Considering that we don't really know how image is processed could you please provide dropbox (or similar) link to the RAW via PM or to temporary email address I created for this case: [email protected]
Originally it was claimed to be non processed. Then it came out that the foreground was photoshopped to the photo (photo was artificially extended by cloning) and dodging and burning, and then also "sponging" whatever that is. So there really is no way of knowing what has been done to the photo - also I don't expect you or anybody to remember how they processed some photo ages ago.
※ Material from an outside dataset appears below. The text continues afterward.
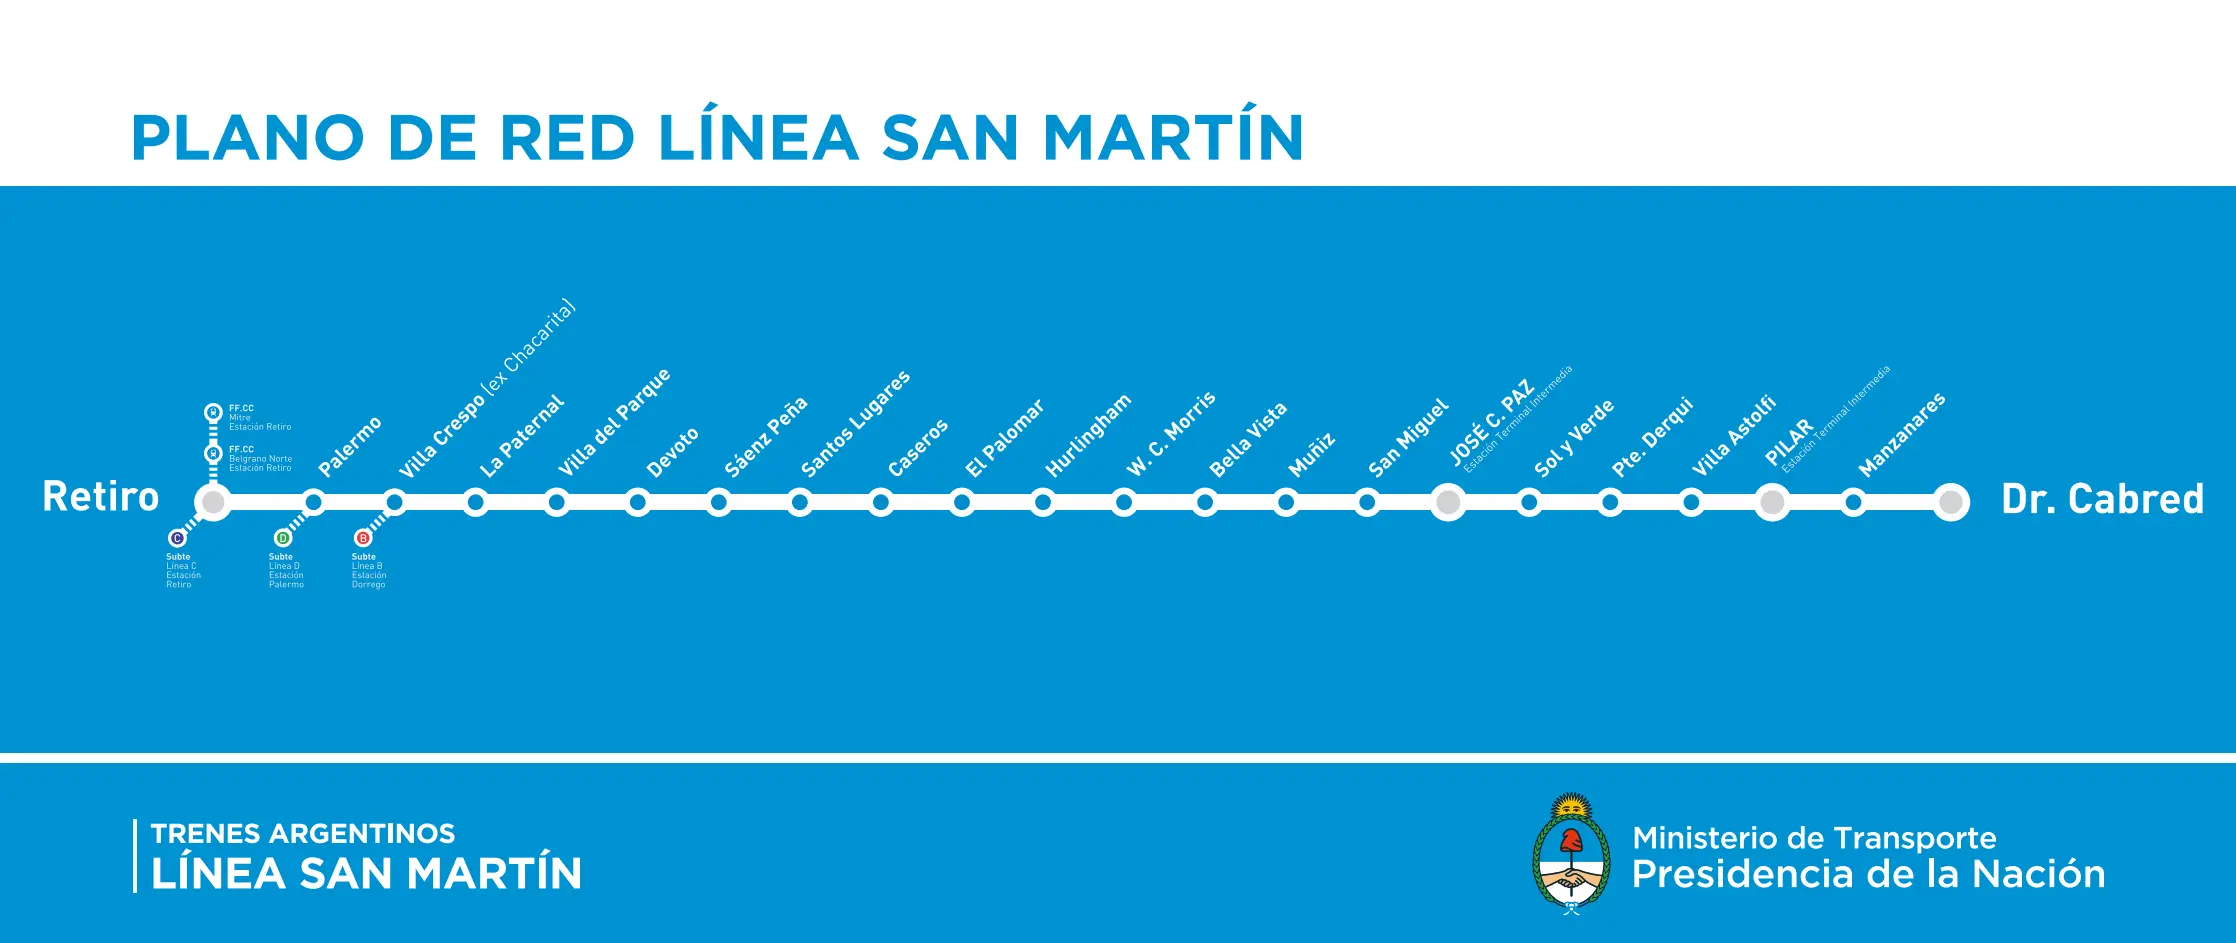 ferrocarril san martin estaciones - Cuántos ramales tiene el tren San Martín

Now I'm reading dpreview thread for first time and you had posted real image there, but it's no longer available, just a question mark icon indicating URL not available, so there is also no reference to non-photoshopped image.
I have shoot thousands of frames with 85/1.2LmkII, thou mostly nature, not so much people. And with web resizing processes I'm familiar * it would never be possible to have both arms in focus @ f/1.2 at that size web presentation with processing claimed to be done to photo (extending foreground, dodging burning, sponge to shoe of which none affects apparent DOF). As the photo is presented it looks result of focus stacking since the subject has long DOF but background is blurred - in small websize image this can be done without focus stacking via sharpening (either purposely in PS or using weird resizing method).
* from standard bicubic in PS to all kind of advanced step sharpenings and processes based to advanced resizing algorithm like Lanczos - but outside few tests I have never outputted webresized output from Adobe Lightroom or Apple Aperture since both produce results I can't personally accept, so I'm not familiar if their resizing algorithm affects to apparent DOF in the websized output.
Apologies about off-topic...
Ronny, have been enjoying your makro images in last pages. I can't get that close to animals without scaring them away - or then I just don't have the patience.
Manu, liked your ZF21 beach landscape few pages ago.
Grenache, your "Whisk" (personally I would have preferred straightened horizon and non tilting trees) and "Two is a crowd" IR images were very nice. Nice to see that 15mm works so well in IR.
JaKo, 50MP rendering is very flat - the woman in 2nd photo looks like cardboard and very flat and 2D
Carl Zeiss Distagon T* 2.8/21 @ f/11, 3.2s, 5DmkII@ISO100, Polarizer
@JaKo: great serie! Lot of depth in the shots.
@hijazist: nice colours in the first shot. I like the composition of the foreground and background in the 2nd shot.